» **RECORDED INFORMATION**:
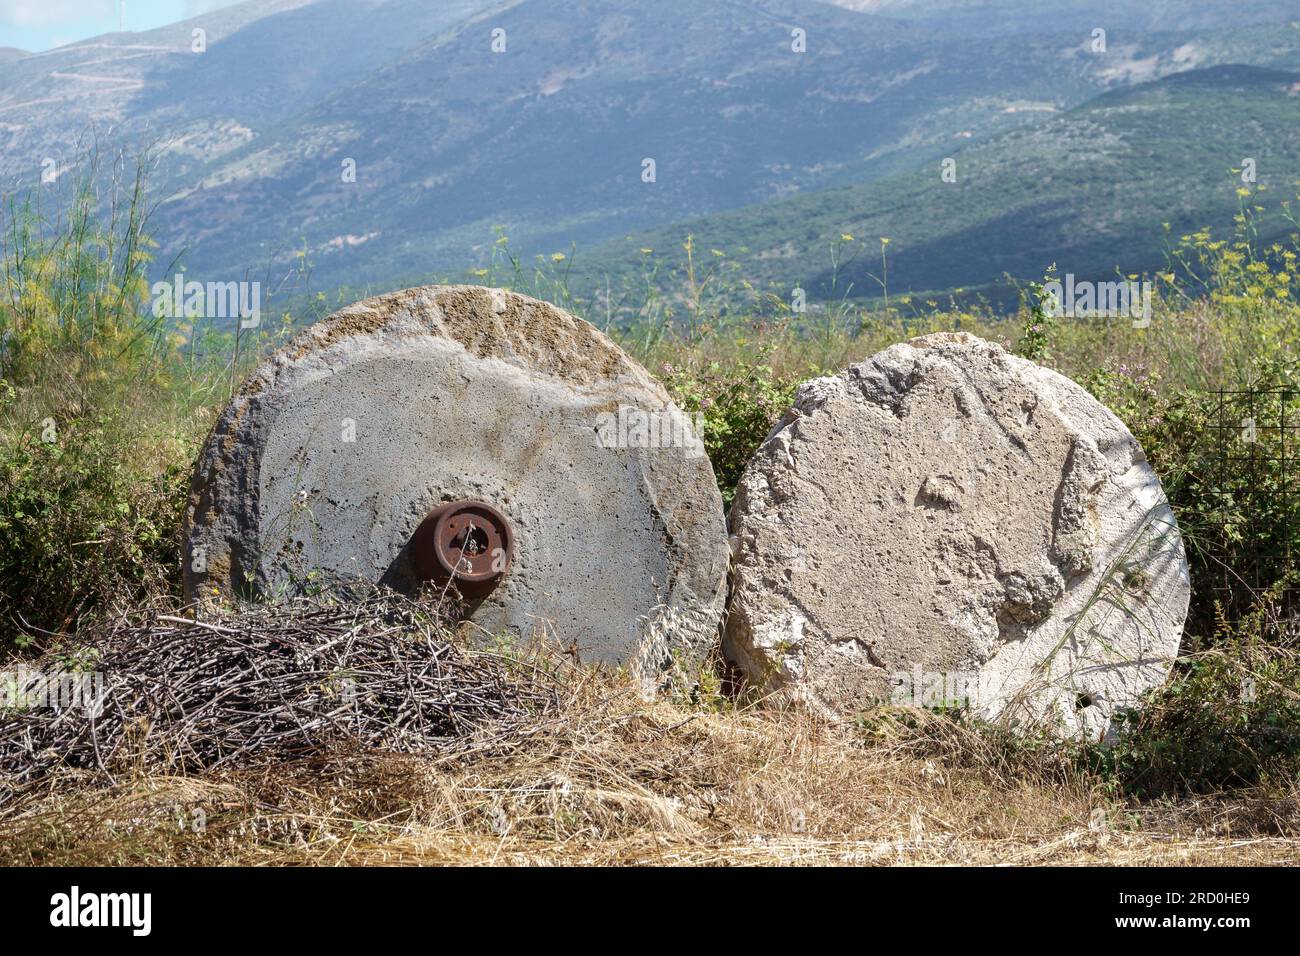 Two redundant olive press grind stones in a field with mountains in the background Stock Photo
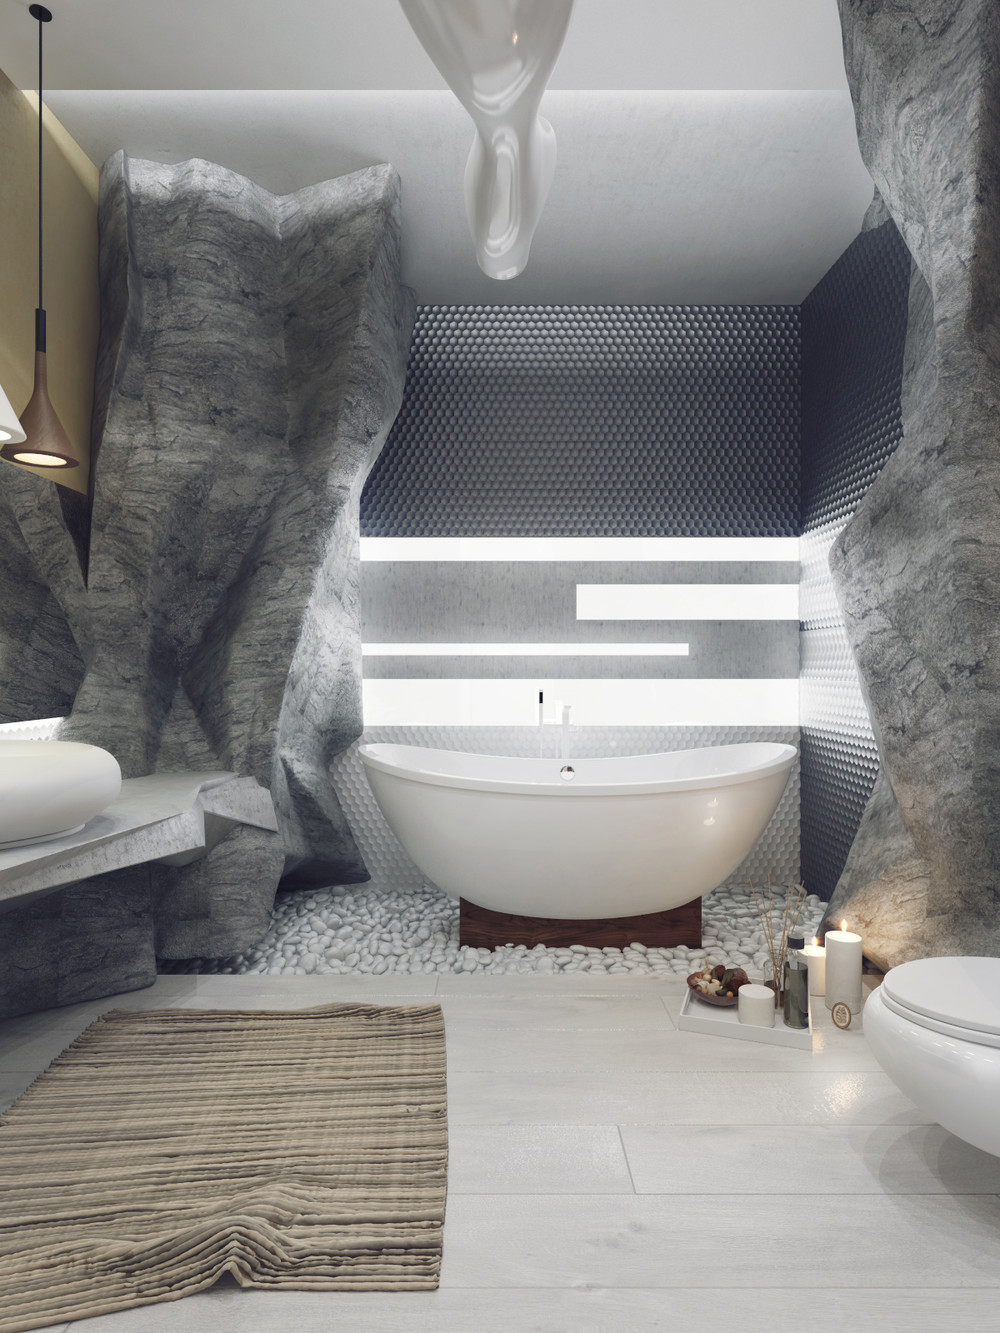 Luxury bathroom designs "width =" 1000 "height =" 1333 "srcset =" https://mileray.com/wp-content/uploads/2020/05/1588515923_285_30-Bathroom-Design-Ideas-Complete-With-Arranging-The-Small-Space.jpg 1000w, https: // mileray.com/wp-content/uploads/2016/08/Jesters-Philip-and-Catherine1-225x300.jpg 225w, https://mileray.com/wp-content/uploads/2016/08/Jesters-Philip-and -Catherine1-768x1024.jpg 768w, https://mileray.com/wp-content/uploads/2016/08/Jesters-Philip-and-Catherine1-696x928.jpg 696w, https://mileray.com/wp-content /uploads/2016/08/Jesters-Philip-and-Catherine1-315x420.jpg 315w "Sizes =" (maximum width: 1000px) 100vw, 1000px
...
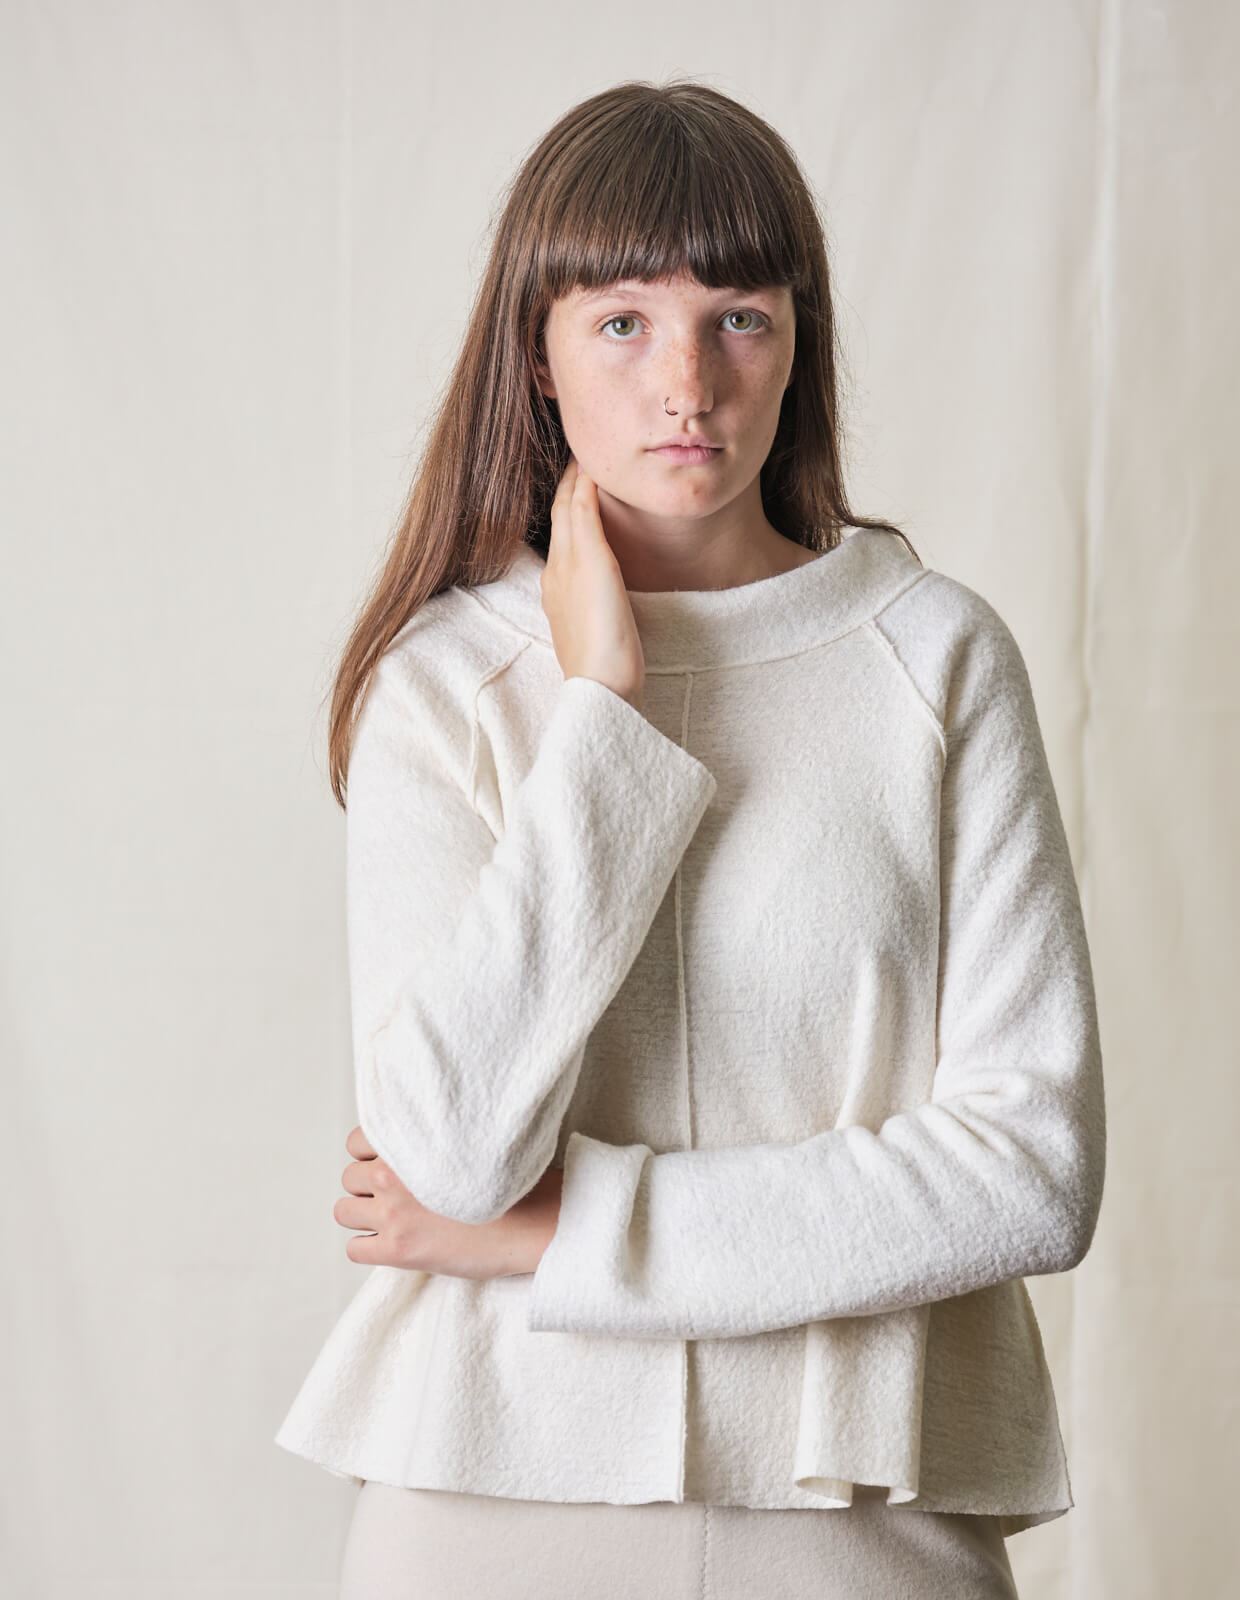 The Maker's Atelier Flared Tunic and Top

» **INSTRUCTIONS FOR THE TASK**: Look above for the line with "Two redundant olive" and the line with "Luxury bathroom designs". Output those two and everything between them exactly, pictures excluded.

» **SOLVED PROBLEM**:
 Two redundant olive press grind stones in a field with mountains in the background Stock Photo
 Luxury bathroom designs "width =" 1000 "height =" 1333 "srcset =" https://mileray.com/wp-content/uploads/2020/05/1588515923_285_30-Bathroom-Design-Ideas-Complete-With-Arranging-The-Small-Space.jpg 1000w, https: // mileray.com/wp-content/uploads/2016/08/Jesters-Philip-and-Catherine1-225x300.jpg 225w, https://mileray.com/wp-content/uploads/2016/08/Jesters-Philip-and -Catherine1-768x1024.jpg 768w, https://mileray.com/wp-content/uploads/2016/08/Jesters-Philip-and-Catherine1-696x928.jpg 696w, https://mileray.com/wp-content /uploads/2016/08/Jesters-Philip-and-Catherine1-315x420.jpg 315w "Sizes =" (maximum width: 1000px) 100vw, 1000px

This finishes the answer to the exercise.